What is the Maximum Area of a Quadrilateral with sides of length a,b,c,d (in sequence).
Solution 1:
You will find that the optimal solution is for the opposite angles to add to $\pi$ and, thus, for the quadrilateral to be concyclic (inscribed in a circle).
Solution 2:
Notice that on the right hand side of Bretschneider's formula, everything is constant except $\alpha$ and $\gamma$. So the area is maximized if and only if $\cos^2 (\frac{\alpha+\gamma}{2})$ is minimized. But $\alpha$ and $\gamma$ are not independent. From the figure one can see that $\alpha$ and $\gamma$ are constrained by applying the law of cosines to two of the triangles in the picture: $$(*) \qquad b^2 + c^2 - 2bc \cos(\gamma) = a^2 + d^2 - 2ad \cos(\alpha) $$ So now you have a constrained optimization problem, and you can try to solve it using Lagrange's method: find the minimum of $\cos^2 (\frac{\alpha+\gamma}{2})$ subject to the constraint $(*)$ (and restricted to $\alpha,\gamma \in [0,\pi]$).

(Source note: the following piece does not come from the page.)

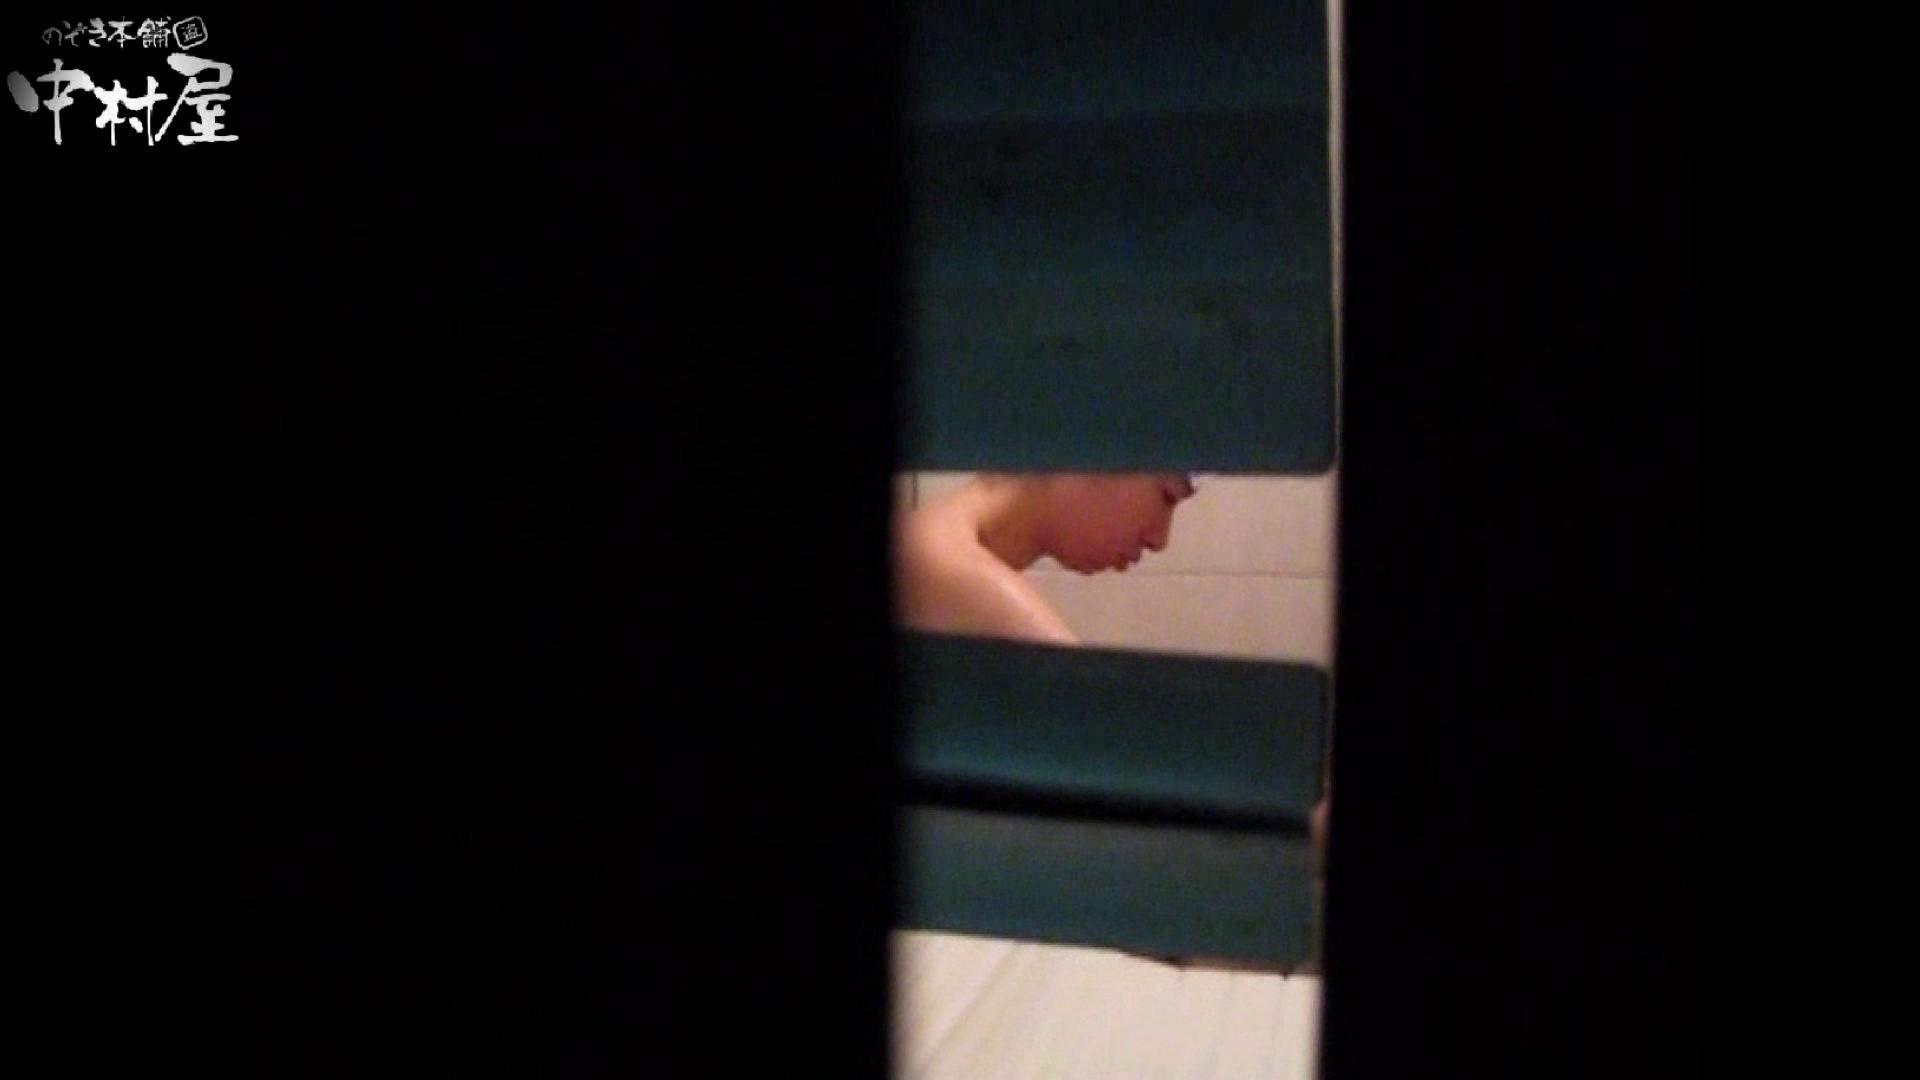 民家風呂専門盗撮師の超危険映像 vol.022 美女エロ画像 おめこ無修正動画無料 54PICs 9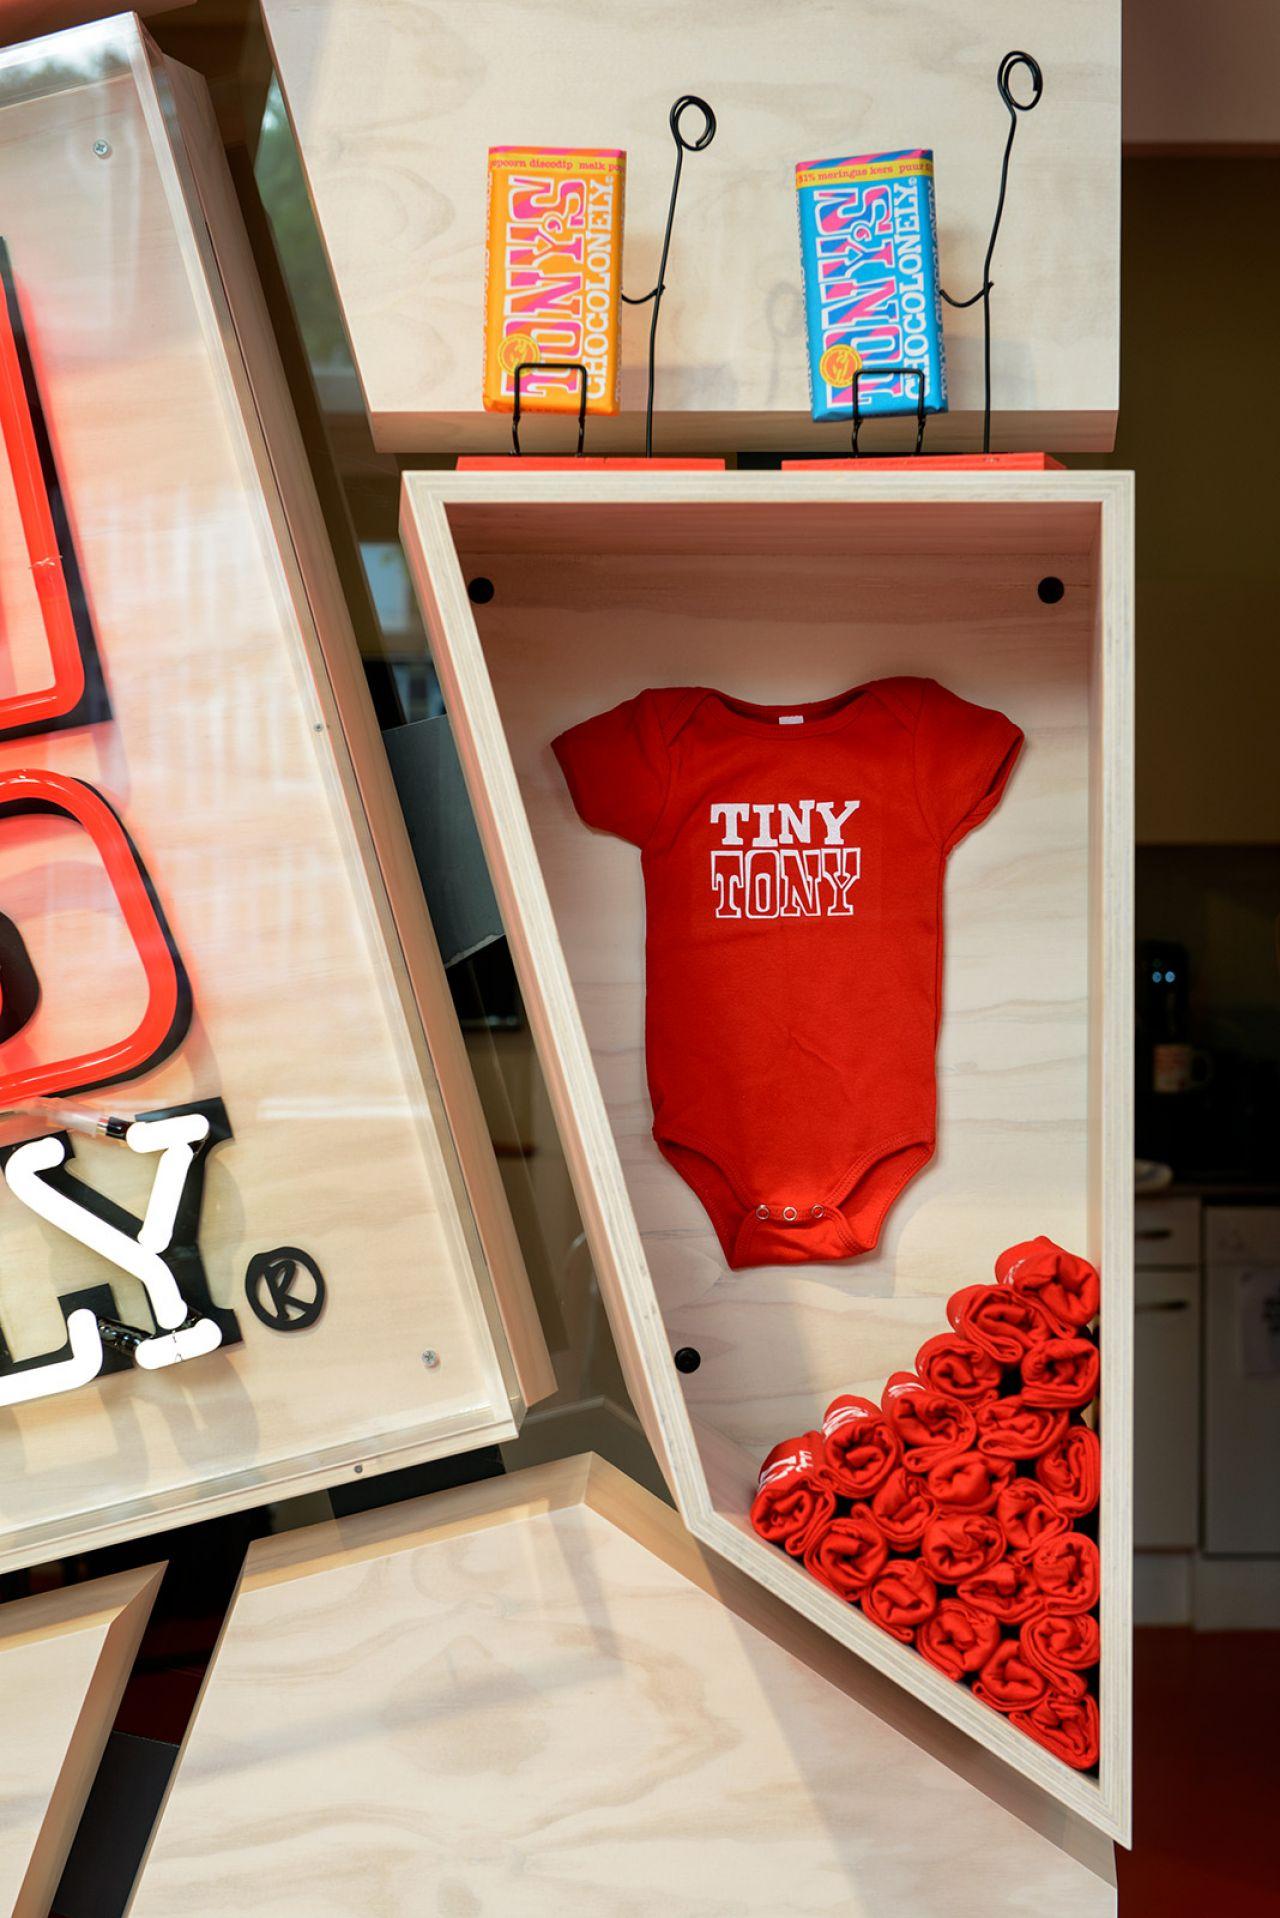 Tony's Store - Tony's Chocolonely

You might be able to simplify the problem even further using some symmetry. For example: if you restrict to $\alpha,\gamma \in [0,\pi/2]$, so that $\cos(\alpha+\gamma) \ge 0$, then $\cos^2(\frac{\alpha+\gamma}{2})$ is minimized if and only if $\cos(\frac{\alpha+\gamma}{2})$ is also minimized.